Here is a script that will generate the amsol and vdw files from a mol2 file:


Here is the script:

set mol2file = $1 
set ifamsol  = $2

set list = `awk '/  Name:/{print $3}' $mol2file`
rm vdw.txt amsol.txt
touch vdw.txt amsol.txt

# (1) braekup mol2 file.  
  python /nfs/home/tbalius/zzz.scripts/ $mol2file mol 
# foreach molecule
  foreach mol2 (`ls mol*.mol2`)
    set name = $mol2:r
    echo $mol2
    rm -r $name 
    mkdir $name
    cd $name
    cp ../$mol2 .

# (2) mape vdw parms on to the atomtypes
    python /nfs/home/tbalius/zzz.scripts/ $mol2 vdw.txt
    #ls -lt | head

# (3) run amsol
    if ($ifamsol == 'amsol') then 
       csh /nfs/home/tbalius/zzz.github/DOCK/ligand/amsol/calc_solvation.csh $mol2
       awk 'BEGIN{count=0}{if(count>0){printf"%s %s %s %s\n", $2, $4, $5, $3}; count=count+1}' output.solv >! output.solv2
    else if ($ifamsol == 'noamsol') then
       echo "amsol is not calculated."
       echo "ERROR. . . "
    cd ../
    echo "########$name########" >> vdw.txt
    cat $name/vdw.txt >> vdw.txt 

    #paste $name/vdw.txt $name/output.solv2 | awk '{printf"%2s %3s %-6s %5s %5s %5s %5s\n", $1, $2, $3, $5, $6, $7, $8}' >> amsol.txt
    if ($ifamsol == 'amsol') then
       echo "########$name########" >> amsol.txt
       paste $name/vdw.txt $name/output.solv2 | awk '{printf"%2s %3s %5s %5s %5s %5s\n", $1, $2, $5, $6, $7, $8}' >> amsol.txt
       cat vdw.txt | awk '{if(NF==1){print $0} else if(NF==4){printf ("%2d %3s %5.2f %5.2f %5.2f %5.2f\n", $1, $2, 0.0,0.0,0.0,0.0)}}' >! amsol.txt 

It will generate the amsol file by reruning amsol using the docked poses.

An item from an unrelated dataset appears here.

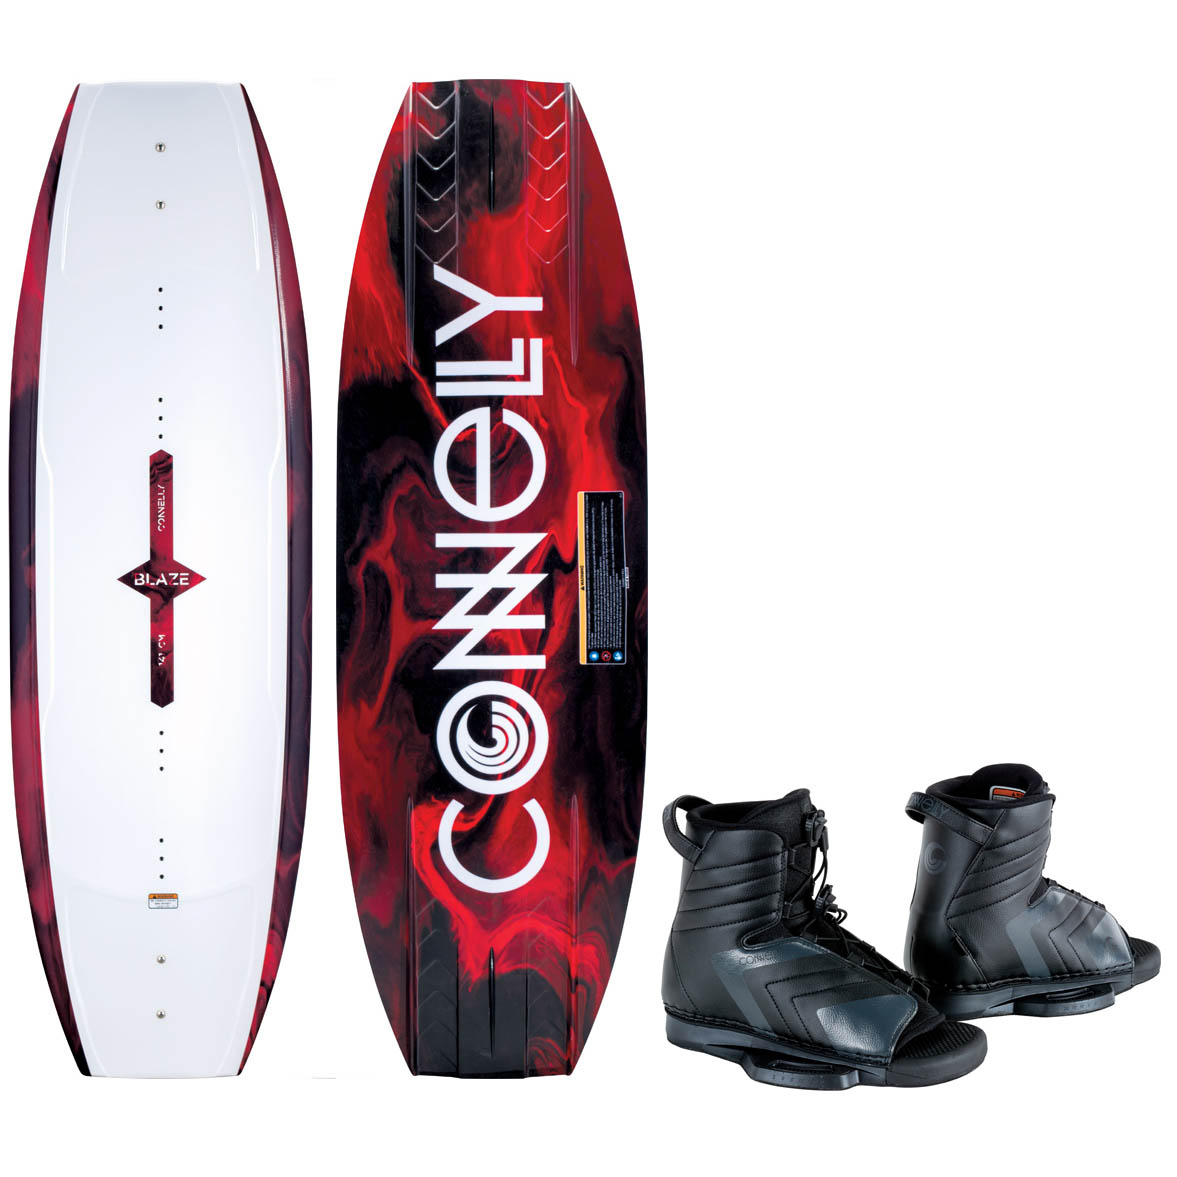 Connelly Blaze ensemble de wakeboard 141 cm avec chausses Optima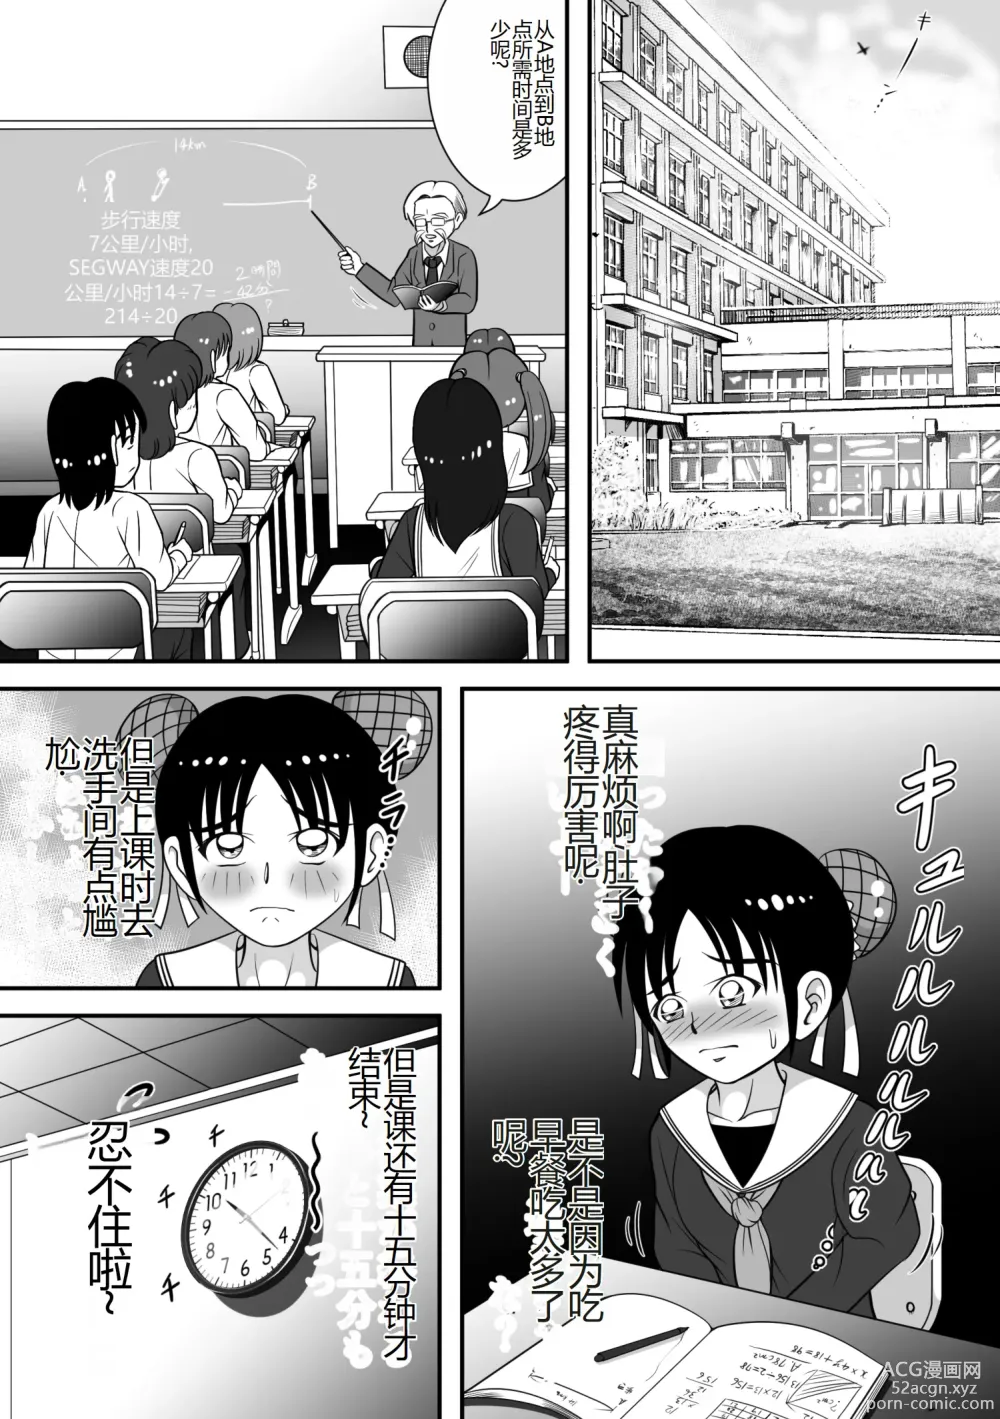 Page 3 of doujinshi 报告老师,我憋不住了

It is also possible to get the amsol parameters from the db2 files:


This is a bit messy and slow.

Here is the script:

set mol2file = $1 ## dock3.7 output file
#set ZINCID = $1
#set db2file = $2
set dbpath = $2

#echo $ZINCID
#echo $db2file

set list = `awk '/  Name:/{print $3}' $mol2file`
rm vdw.txt amsol.txt
touch vdw.txt amsol.txt

foreach ZINCID ($list)

  echo $ZINCID
  # get the number of atoms 
  awk 'BEGIN{flag=0}{if (flag == 1){print "atomnum="$1;flag=0} if ($1 == "'$ZINCID'"){flag = 1}}'  $mol2file # print the number of atoms # line after zinc id
  set atomnum = `awk 'BEGIN{flag=0}{if (flag == 1){print $1;flag=0} if ($1 == "'$ZINCID'"){flag = 1}}'  $mol2file` # print the number of atoms # line after zinc id

  set db2file = `grep -a20 $ZINCID  $mol2file | grep "Ligand Source File:" | awk '{print $5}' | sort | uniq `
  echo $db2file
  echo $dbpath/$db2file
  #zcat $db2file | awk 'BEGIN{count=0} /M    /{flag="False"};{if($2 =="'$ZINCID'" && $4 == "'$atomnum'" && flag=="False"){flag="True"; print "atomnum="$4 "::" $0; count=count+1};if (($1 == "A") && flag=="True"){print count":"$0}}' 
  zcat $dbpath/$db2file | awk 'BEGIN{count=0} /M    /{flag="False"};{if($2 =="'$ZINCID'" && $4 == "'$atomnum'" && flag=="False"){flag="True"; count=count+1};if (($1 == "A") && flag=="True"){print count":"$0}}' > ! $ZINCID.parms.txt
  #zcat $db2file | awk 'BEGIN{count=0} /M    /{flag="False"};{if($2 =="'$ZINCID'" && flag=="False"){flag="True"; count=count+1; print "found '$ZINCID'"};if(($1 == "A") && (flag=="True") ){print count":"$0}}' 
   # this will only return the first ZINC ID incountered.

  echo "## $ZINCID parms" >> vdw.txt
  echo "## $ZINCID parms" >> amsol.txt

  # make vdw file
  grep "^1:" $ZINCID.parms.txt | sed 's/1://g' | awk '{printf "%2d %3s %-5s %2d\n", $2, $3, $4, $5}' >> vdw.txt
  #awk '{printf "%2d %3s %-5s %2d\n", $2, $3, $4, $5}' $ZINCID.parms.txt >> vdw.txt
  # amsol file
  grep "^1:" $ZINCID.parms.txt | sed 's/1://g' | awk '{printf "%2d %3s   %6.3f     %6.3f     %6.3f    %6.3f\n", $2, $3, $8, $9, $10, $11}' >> amsol.txt
  #awk '{printf "%2d %3s   %6.3f     %6.3f     %6.3f    %6.3f\n", $2, $3, $8, $9, $10, $11}' $ZINCID.parms.txt >> amsol.txt

INDOCK Parameters

Here is the parameters in the INDOCK file:

DOCK 3.7 parameter
### NOTE: split_database_index is reserved to specify a list of files
search_type                   2
mol2file                      poses.mol2.gz
ligsolfile                    amsol.txt.gz
ligvdwfile                    vdw.txt.gz
# NOTE: split_database_index is reserved to specify a list of files
ligand_atom_file               split_database_index

note that the split_database_index file is not used it is just a place holder.